### [The task]
Repeat the data word for word. Do not include the pictures.

### [Given information]
++++++
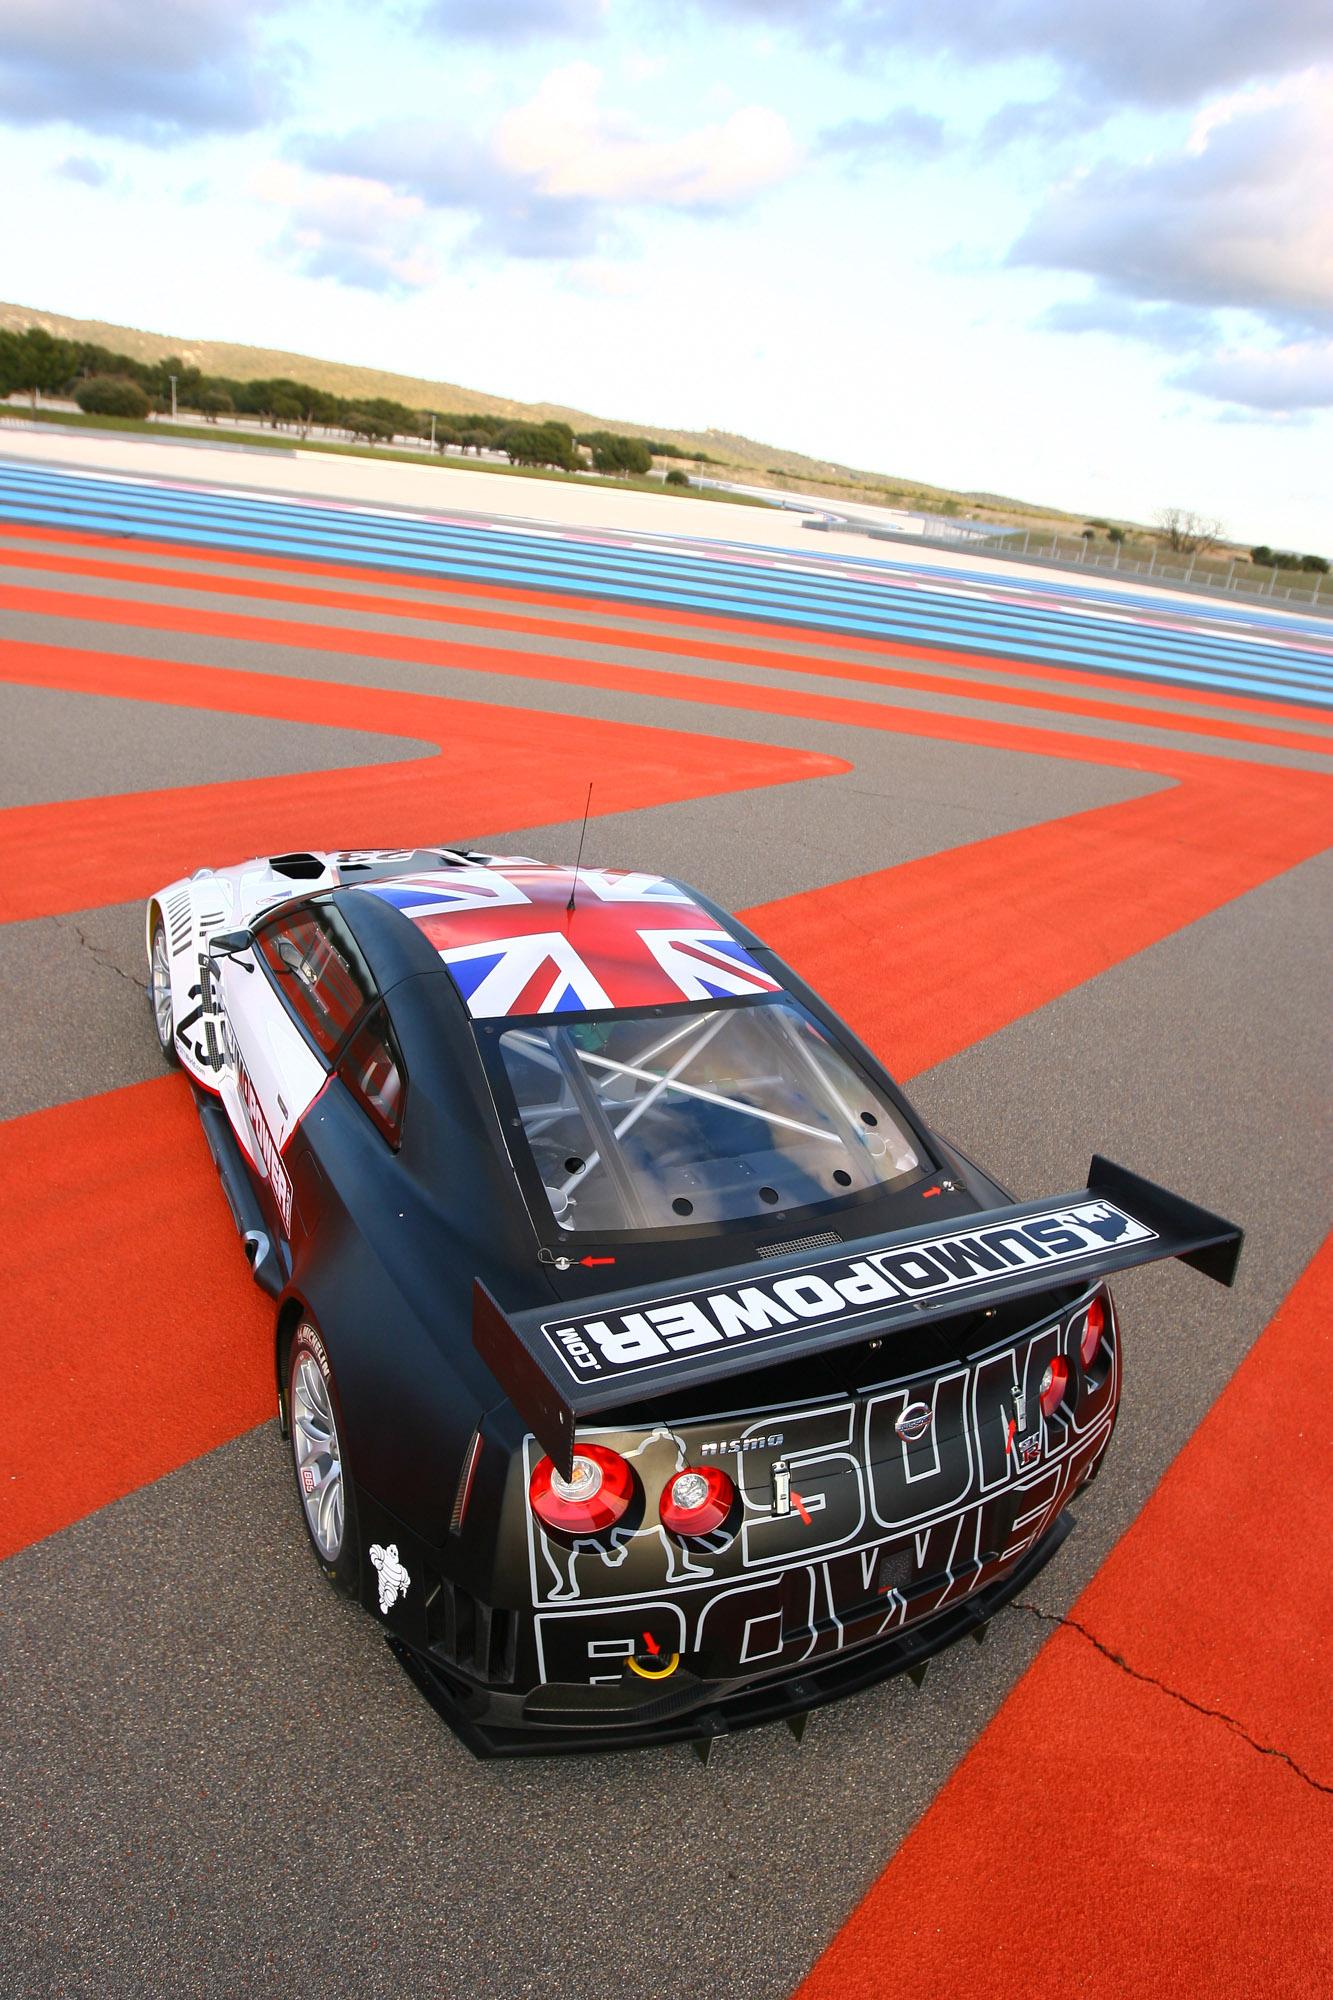 Nissan Gt R Sumo Power Gt Picture 1 日産 Gtr レースカー スカイライン
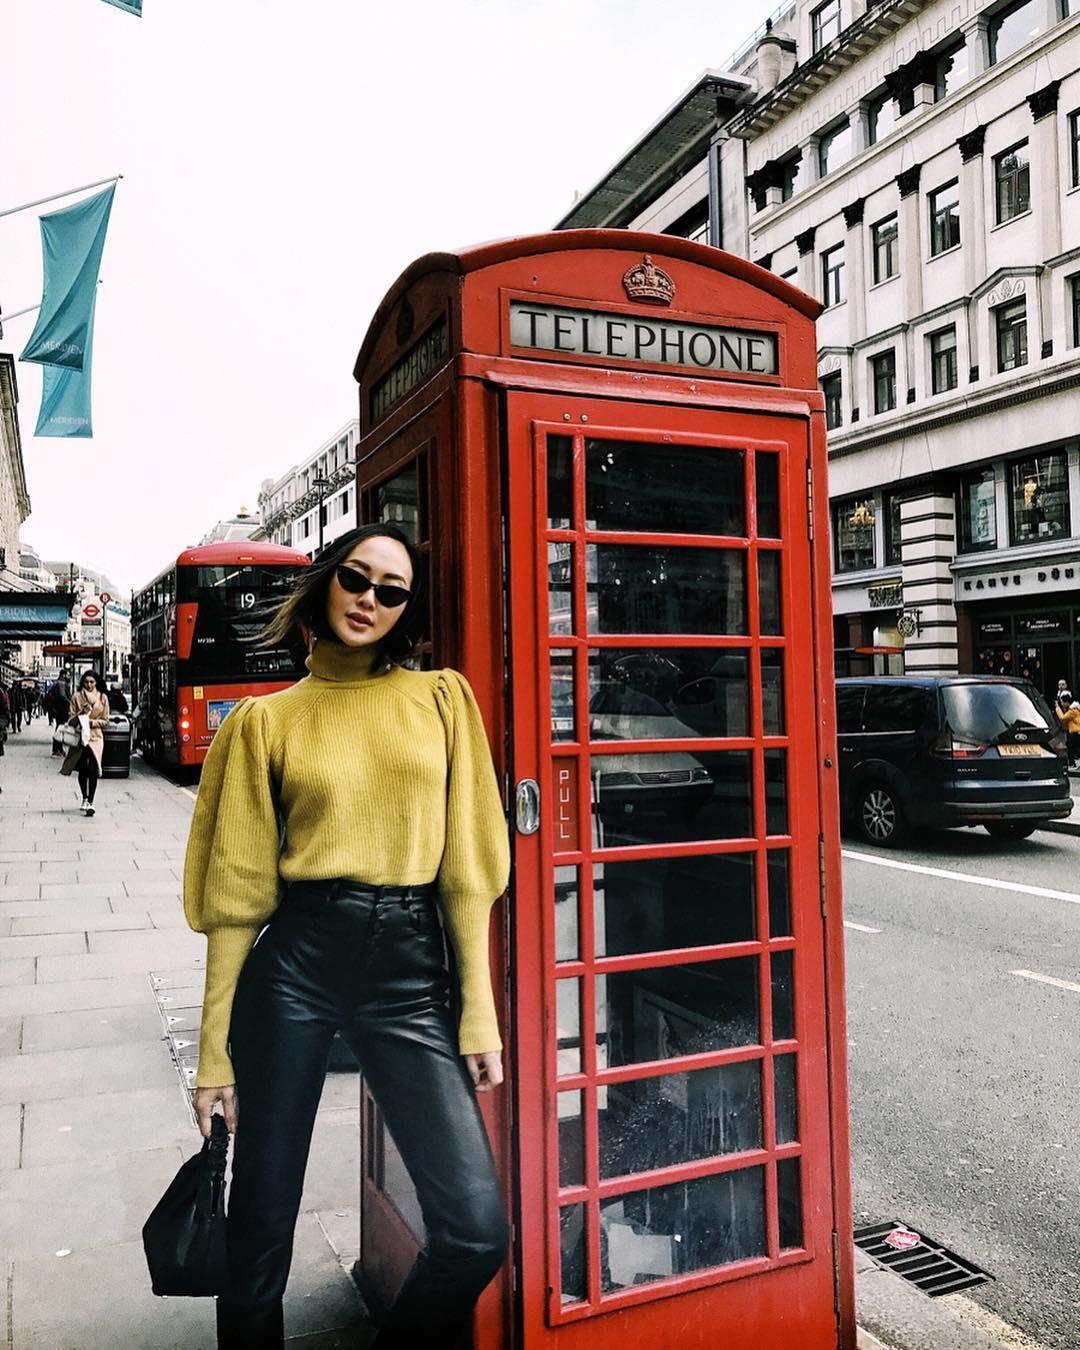 De vrouwelijke vis: de Engelse telefooncel
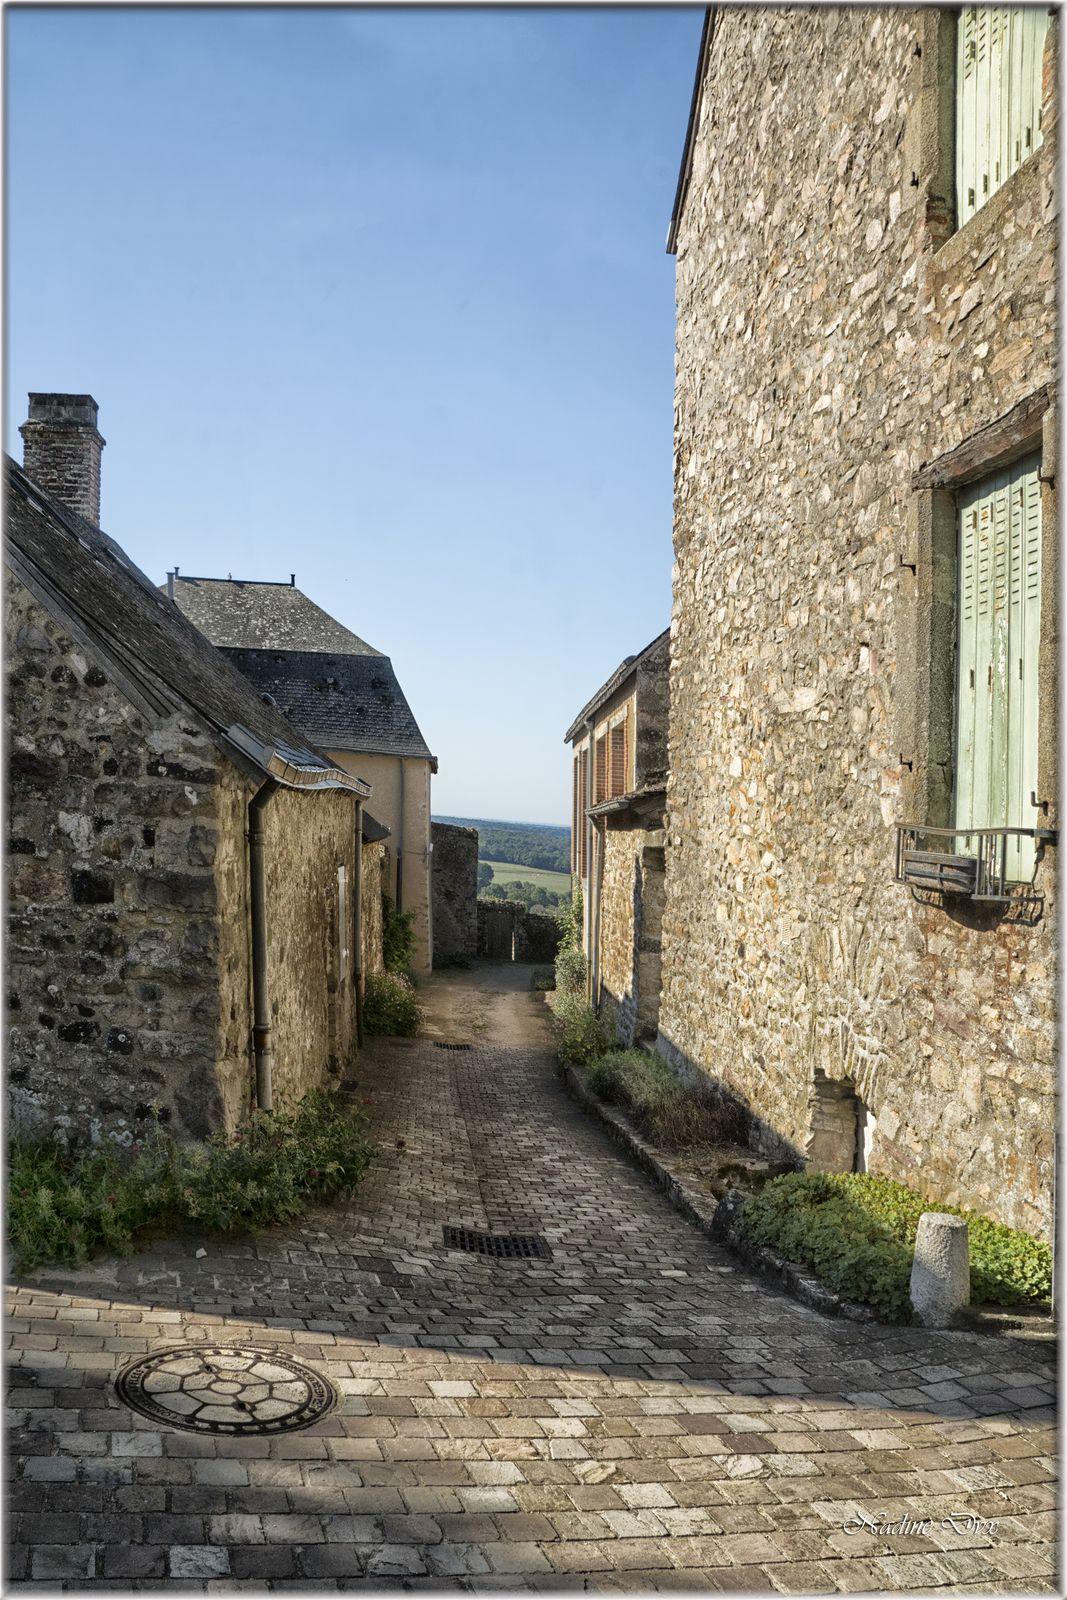 53 - Cité médiévale de Sainte-Suzanne - Mayenne
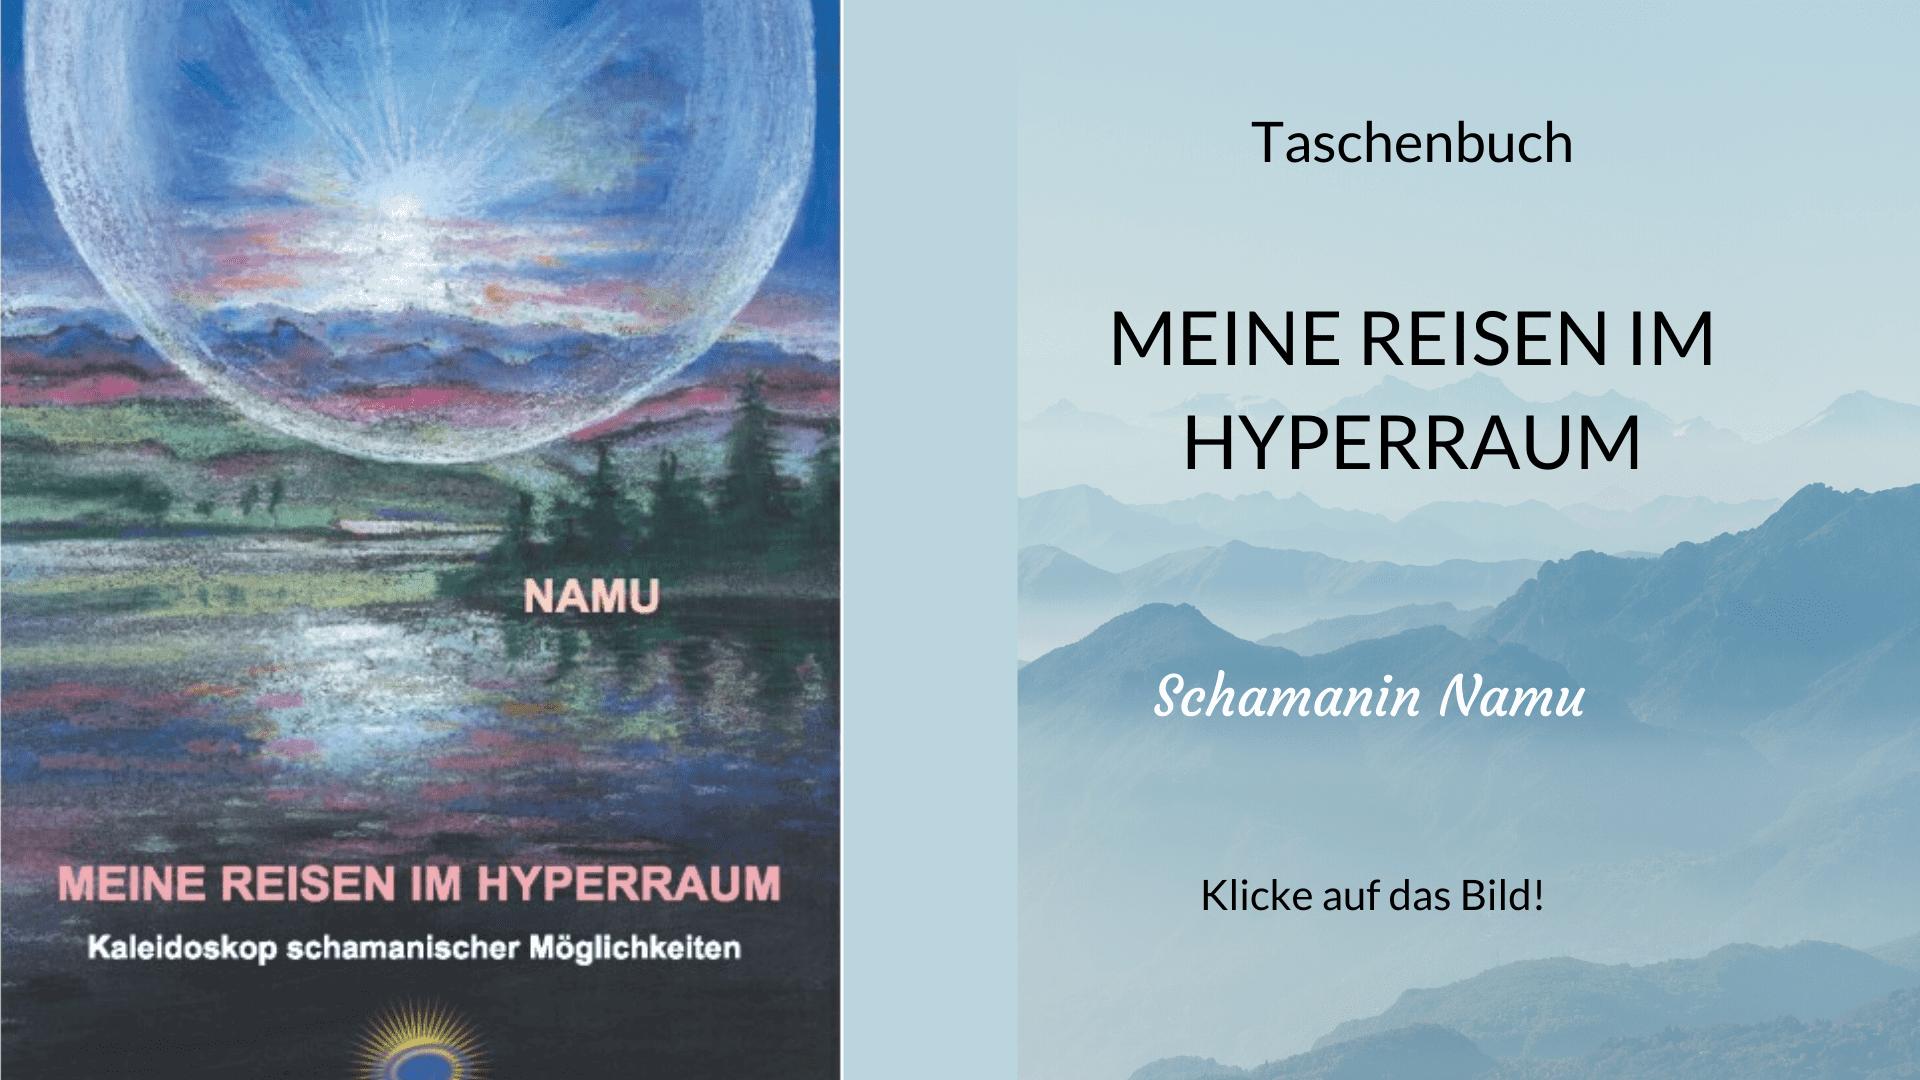 Taschenbuch MEINE REISEN IM HYPERRAUM-min
++++++
### [Output for this exercise]
 Nissan Gt R Sumo Power Gt Picture 1 日産 Gtr レースカー スカイライン
 De vrouwelijke vis: de Engelse telefooncel
 53 - Cité médiévale de Sainte-Suzanne - Mayenne
 Taschenbuch MEINE REISEN IM HYPERRAUM-min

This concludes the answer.